» Assignment: Find the line with "Fossilized Shells Stock Photos" in the entries below, then output every line from it down to the line with "Nike Air Max 1 AH7740-100", exactly and with no pictures.

» Data provided:
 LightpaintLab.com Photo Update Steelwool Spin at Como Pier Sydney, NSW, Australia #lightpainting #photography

==

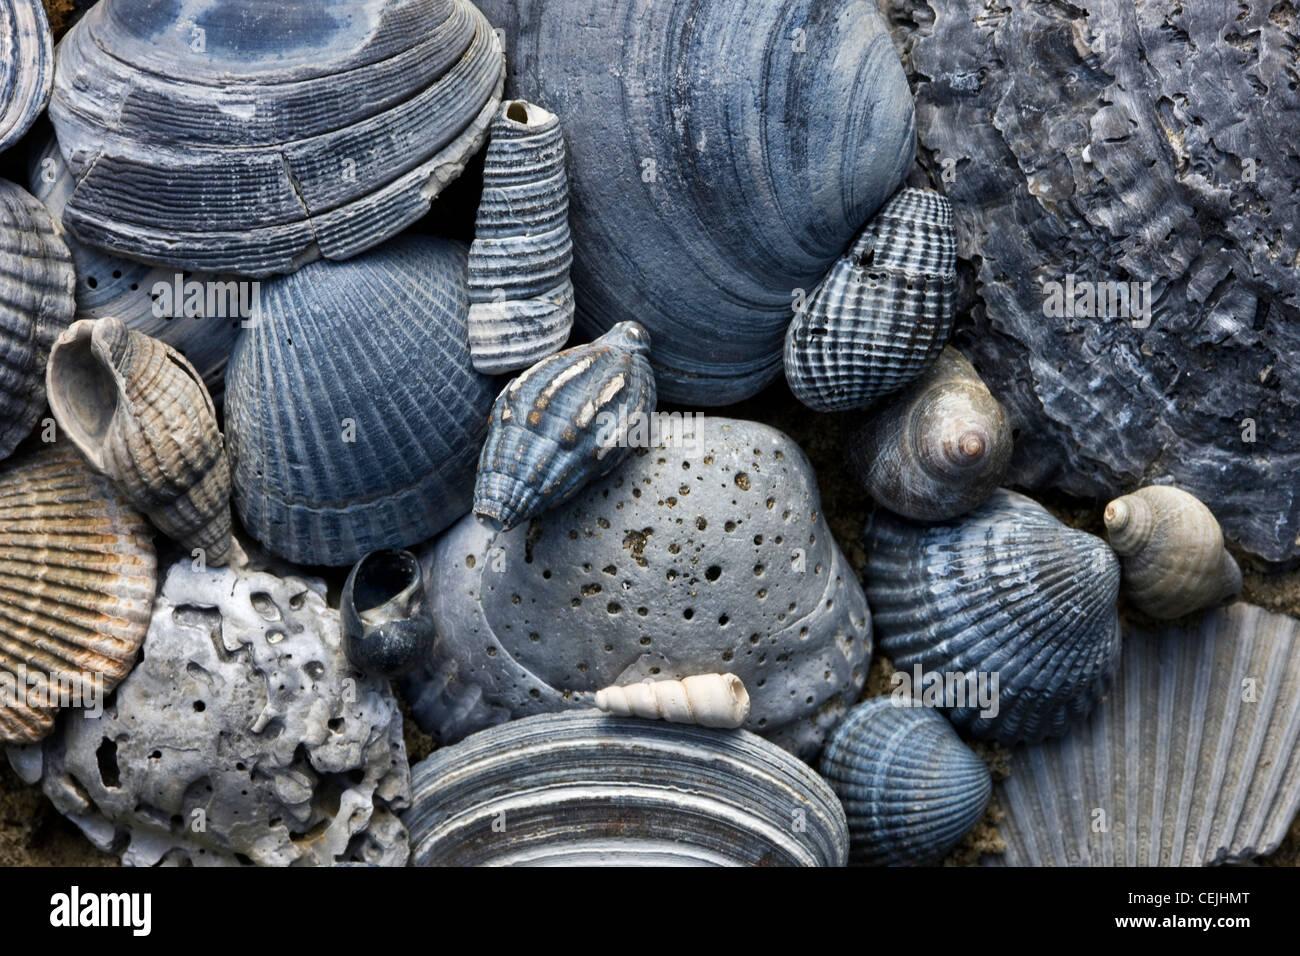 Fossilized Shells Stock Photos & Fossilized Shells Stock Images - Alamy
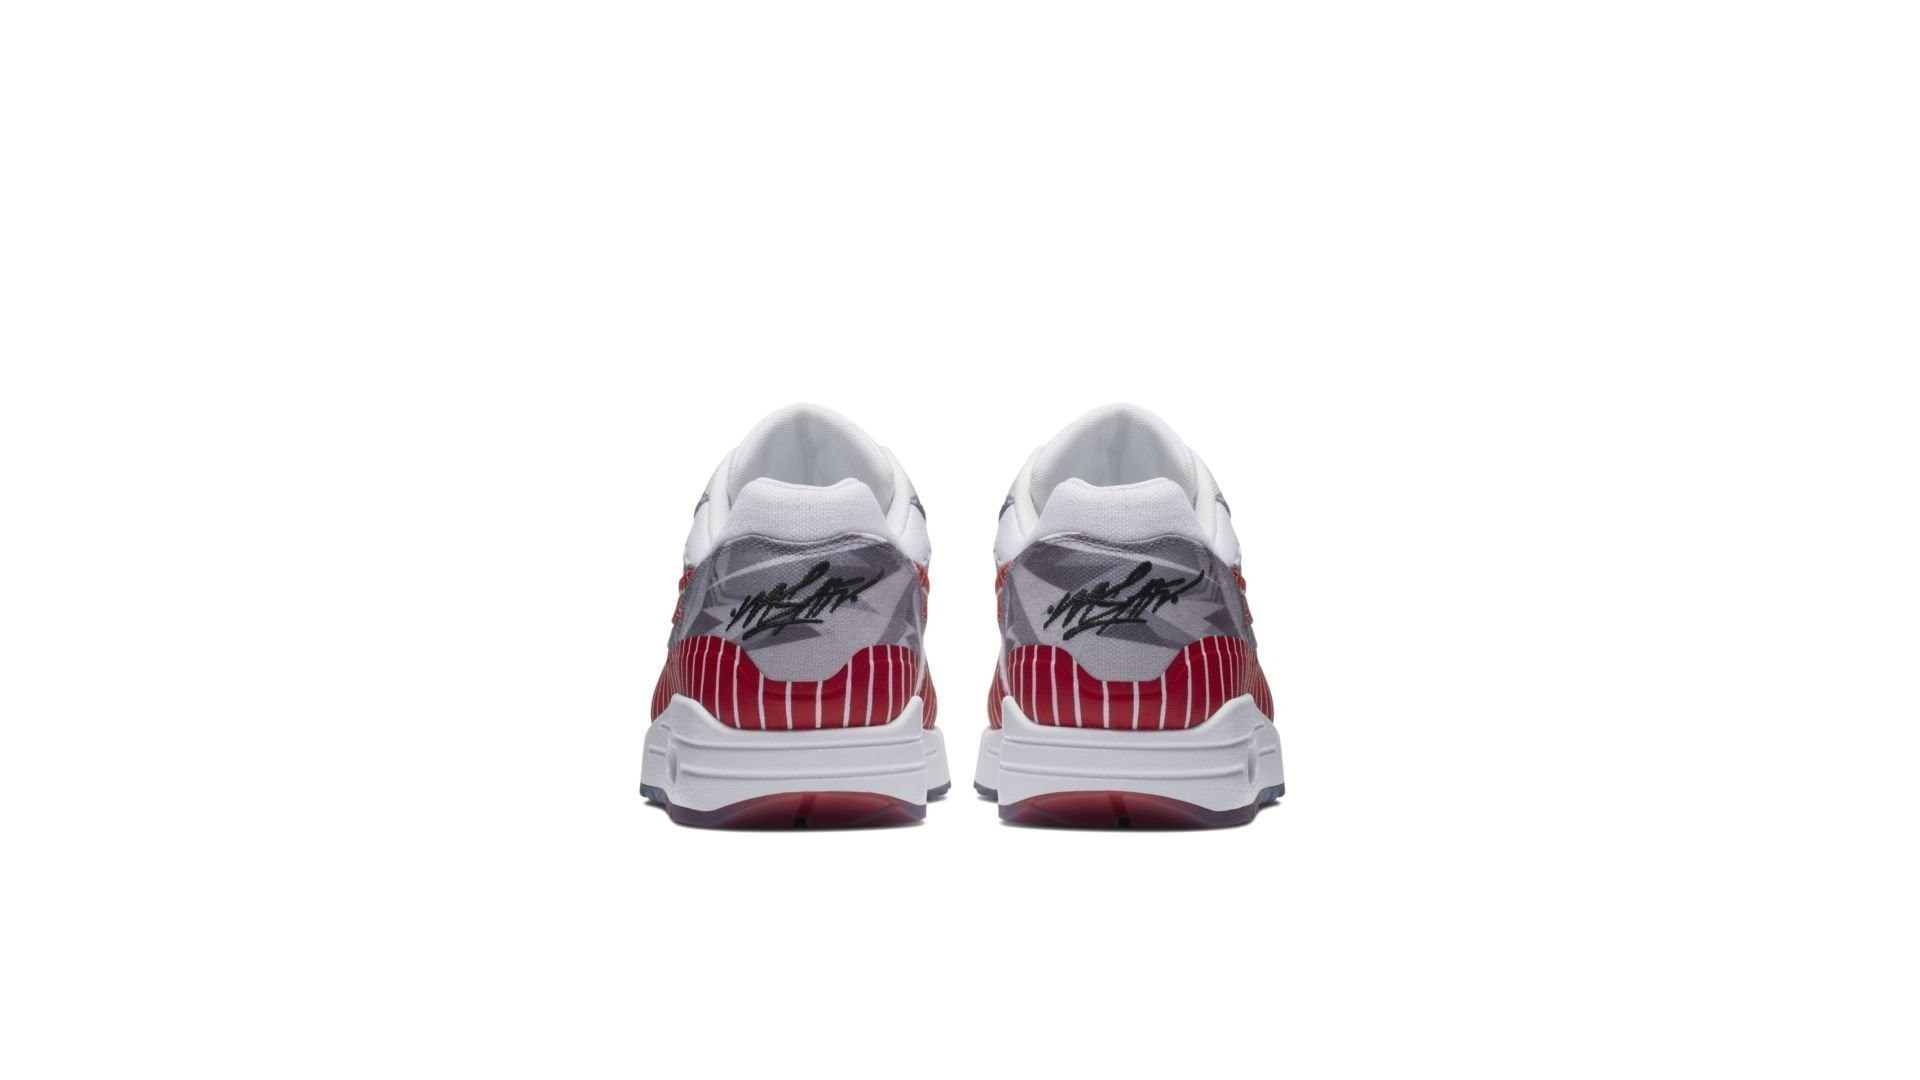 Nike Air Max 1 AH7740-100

» Answer to the exercise:
 Fossilized Shells Stock Photos & Fossilized Shells Stock Images - Alamy
 Nike Air Max 1 AH7740-100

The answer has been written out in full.